From: Stephen Frost <sfrost(at)snowman(dot)net>
To: Bruce Momjian <bruce(at)momjian(dot)us>
Cc: PostgreSQL-development <pgsql-hackers(at)postgresql(dot)org>
Subject: Re: XTS cipher mode for cluster file encryption
Date: 2021-10-15 19:22:48
Message-ID: 20211015192248.GP20998@tamriel.snowman.net
Views: Raw Message | Whole Thread | Download mbox | Resend email
Thread:
Lists: pgsql-hackers

Greetings,

* Bruce Momjian (bruce(at)momjian(dot)us) wrote:
> As you might have seen from my email in another thread, thanks to
> Stephen and Cybertec staff, I am back working on cluster file
> encryption/TDE.
>
> Stephen was going to research if XTS cipher mode would be a good fit for
> this since it was determined that CTR cipher mode was too vulnerable to
> IV reuse, and the LSN provides insufficient uniqueness. Stephen
> reported having trouble finding a definitive answer, so I figured I
> would research it myself.
>
> Of course, I found the same lack of information that Stephen did. ;-)
> None of my classic cryptographic books cover XTS or the XEX encryption
> mode it is based on, since XTS was only standardized in 2007 and
> recommended in 2010. (Yeah, don't get me started on poor cryptographic
> documentation.)
>
> Therefore, I decide to go backward and look at CTR and CBC to see how
> the nonce is used there, and if XTS fixes problems with nonce reuse.
>
> First, I originally chose CTR mode since it was a streaming cipher, and
> we therefore could skip certain page fields like the LSN. However, CTR
> is very sensitive to LSN reuse since the input bits generate encrypted
> bits in exactly the same locations on the page. (It uses a simple XOR
> against a cipher). Since sometimes pages with different page contents
> are encrypted with the same LSN, especially on replicas, this method
> failed.
>
> Second is CBC mode. which is a block cipher. I thought that meant that
> you could only encrypt 16-byte chunks, meaning you couldn't skip
> encryption of certain page fields unless they are 16-byte chunks.
> However, there is something called ciphertext stealing
> (https://en.wikipedia.org/wiki/Ciphertext_stealing#CBC_ciphertext_stealing)
> which allows that. I am not sure if OpenSSL supports this, but looking
> at my OpenSSL 1.1.1d manual entry for EVP_aes, cipher stealing is only
> mentioned for XTS.
>
> Anyway, CBC mode still needs a nonce for the first 16-byte block, and
> then feeds the encrypted output of the first block as a IV to the second
> block, etc. This gives us the same problem with finding a nonce per
> page. However, since it is a block cipher, the bits don't output in the
> same locations they have on input, so that is less of a problem. There
> is also the problem that the encrypted output from one 16-byte block
> could repeat, causing leakage.
>
> So, let's look how XTS is designed.

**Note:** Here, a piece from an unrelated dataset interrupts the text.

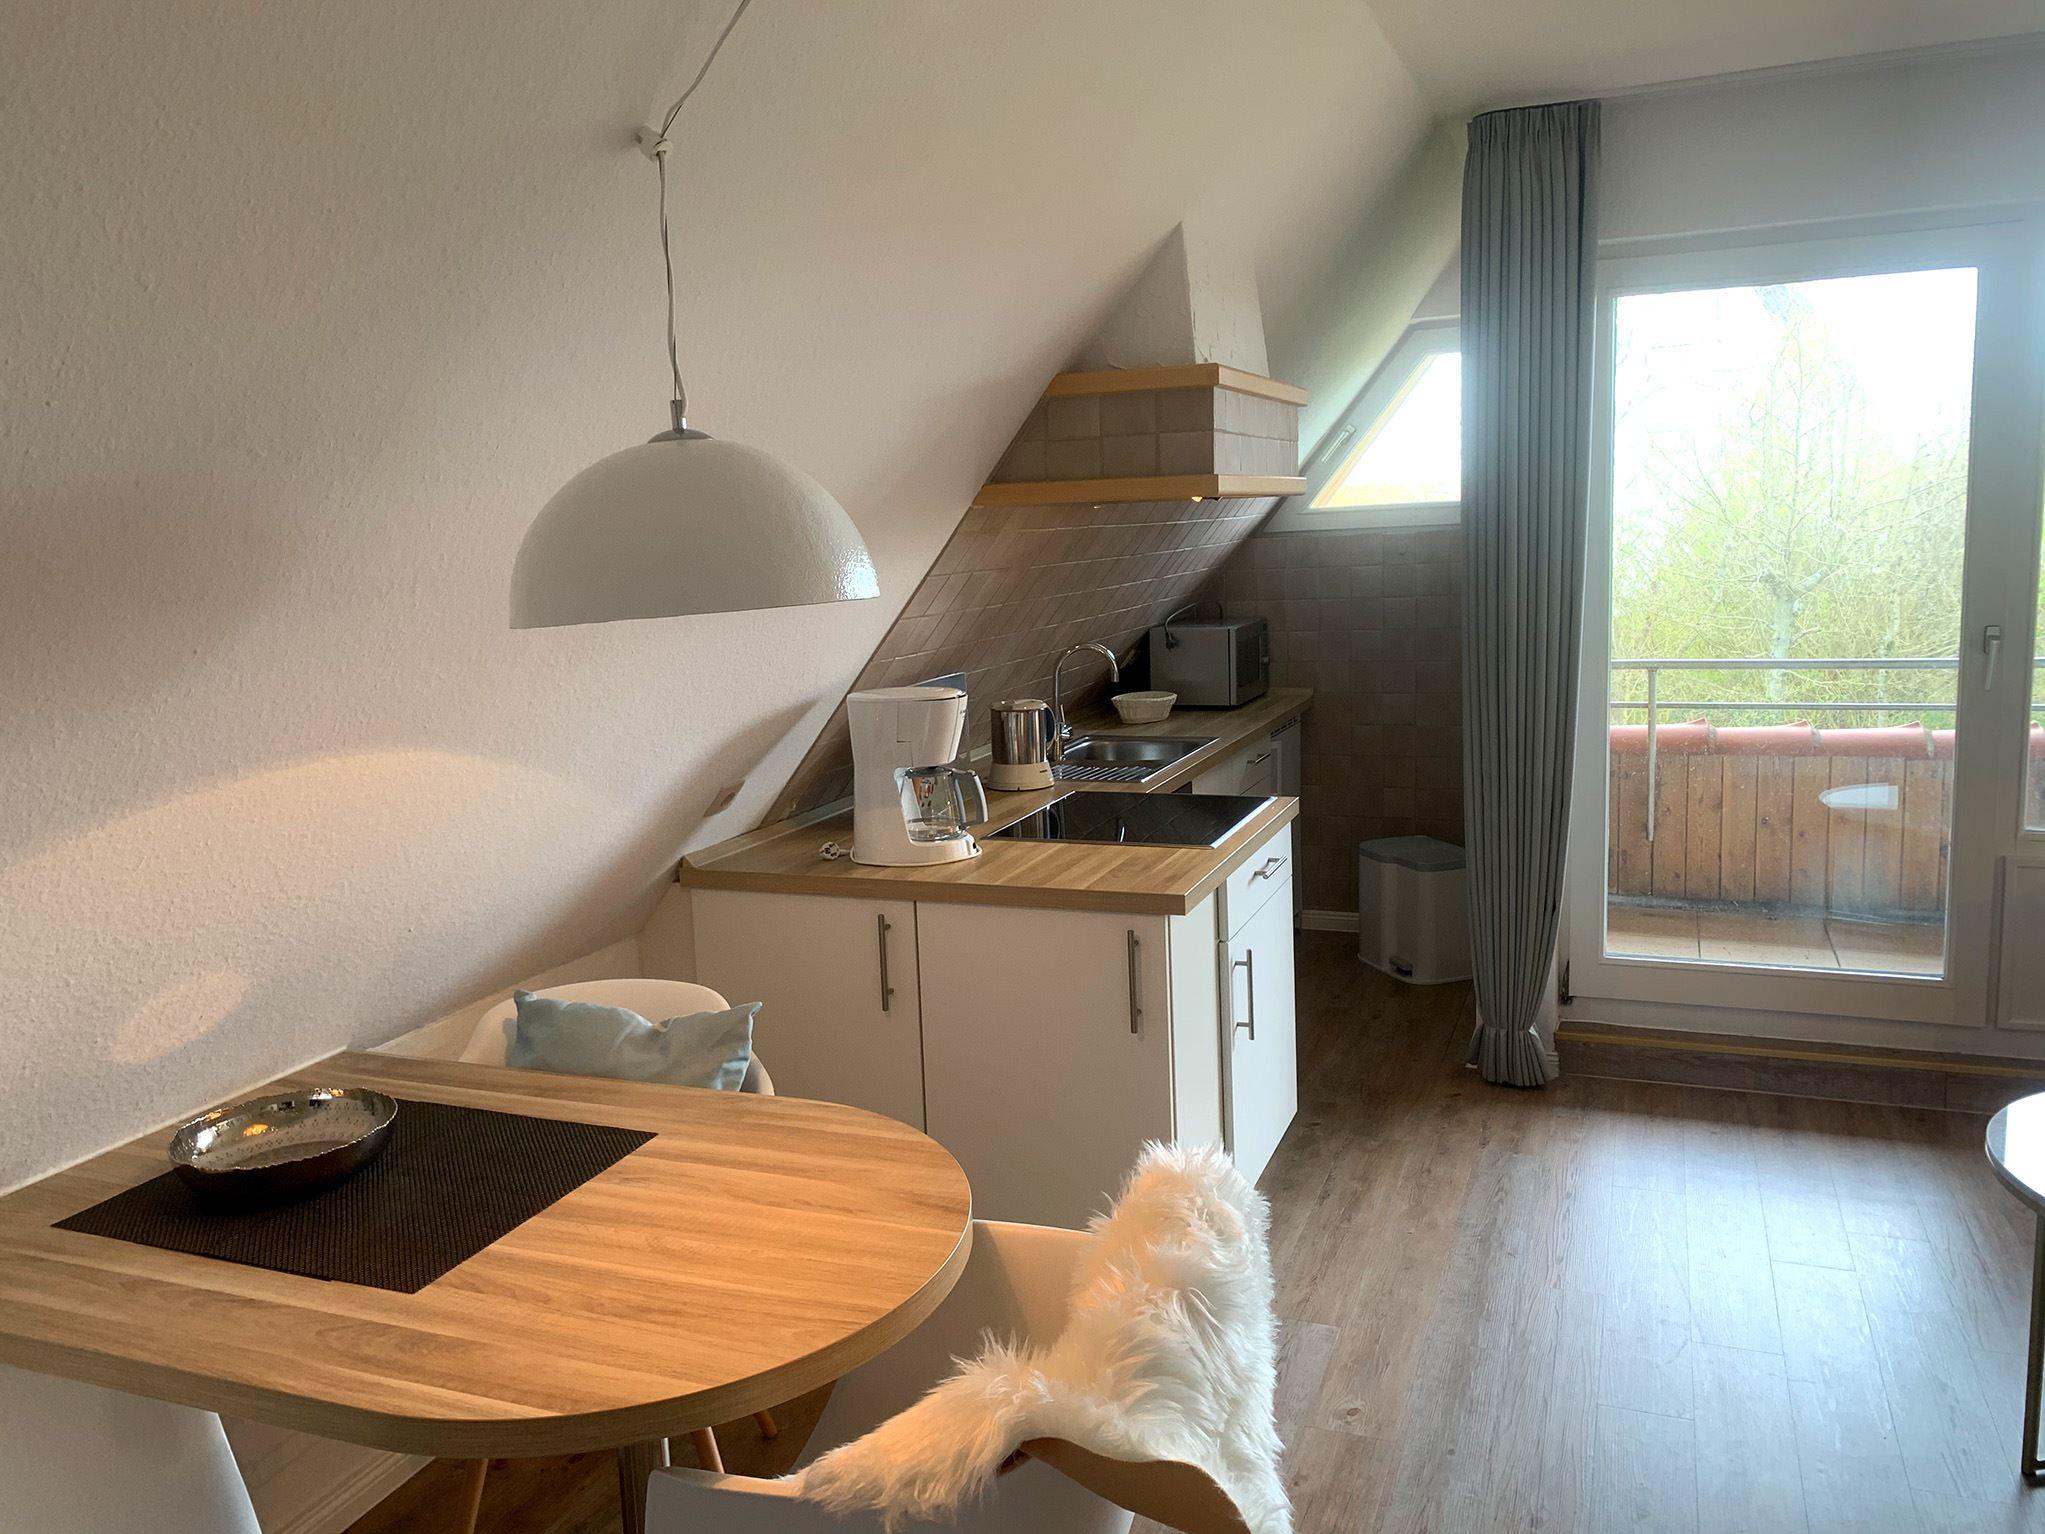 Gemütliches strandnahes Ferienappartement in St. Peter-Ording für 2-3 Personen mit Loggia in Strandnähe mit Blick auf den Ordinger Deich-Luna IV Nr. 33

First, it uses two keys. If you
> are using AES128, you need _two_ 128-bit keys. If using AES256, you
> need two 256-bit keys. The first of the two keys is used like normal,
> to encrypt the data. The second key, which is also secret, is used to
> encrypt the values used for the IV for the first 16-byte block (in our
> case dboid, relfilenode, blocknum, maybe LSN). This is most clearly
> explained here:
>
> https://www.kingston.com/unitedstates/en/solutions/data-security/xts-encryption
>
> That IV is XOR'ed against both the input value and the encryption output
> value, as explained here as key tweaking:
>
> https://crossbowerbt.github.io/xts_mode_tweaking.html
>
> The purpose of using it before and after encryption is explained here:
>
> https://crypto.stackexchange.com/questions/24431/what-is-the-benefit-of-applying-the-tweak-a-second-time-using-xts
>
> The second 16-byte block gets an IV that is the multiplication of the
> first IV and an alpha value raised to the second power but mapped to a
> finite field (Galois field, modulus a prime). This effectively means an
> attacker has _no_ idea what the IV is since it involves a secret key,
> and each 16-byte block uses a different, unpredictable IV value. XTS
> also supports ciphertext stealing by default so we can use the LSN if we
> want, but we aren't sure we need to.

Yeah, this all seems to be about where I got to too.

> Finally, there is an interesting web page about when not to use XTS:
>
> https://sockpuppet.org/blog/2014/04/30/you-dont-want-xts/

This particular article always struck me as more of a reason for us, at
least, to use XTS than to not- in particular the very first comment it
makes, which seems to be pretty well supported, is: "XTS is the de-facto
standard disk encryption mode." Much of the rest of it is the well
trodden discussion we've had about how FDE (or TDE in our case) doesn't
protect against all the attack vectors that sometimes people think it
does. Another point is that XTS isn't authenticated- something else we
know quite well around here and isn't news.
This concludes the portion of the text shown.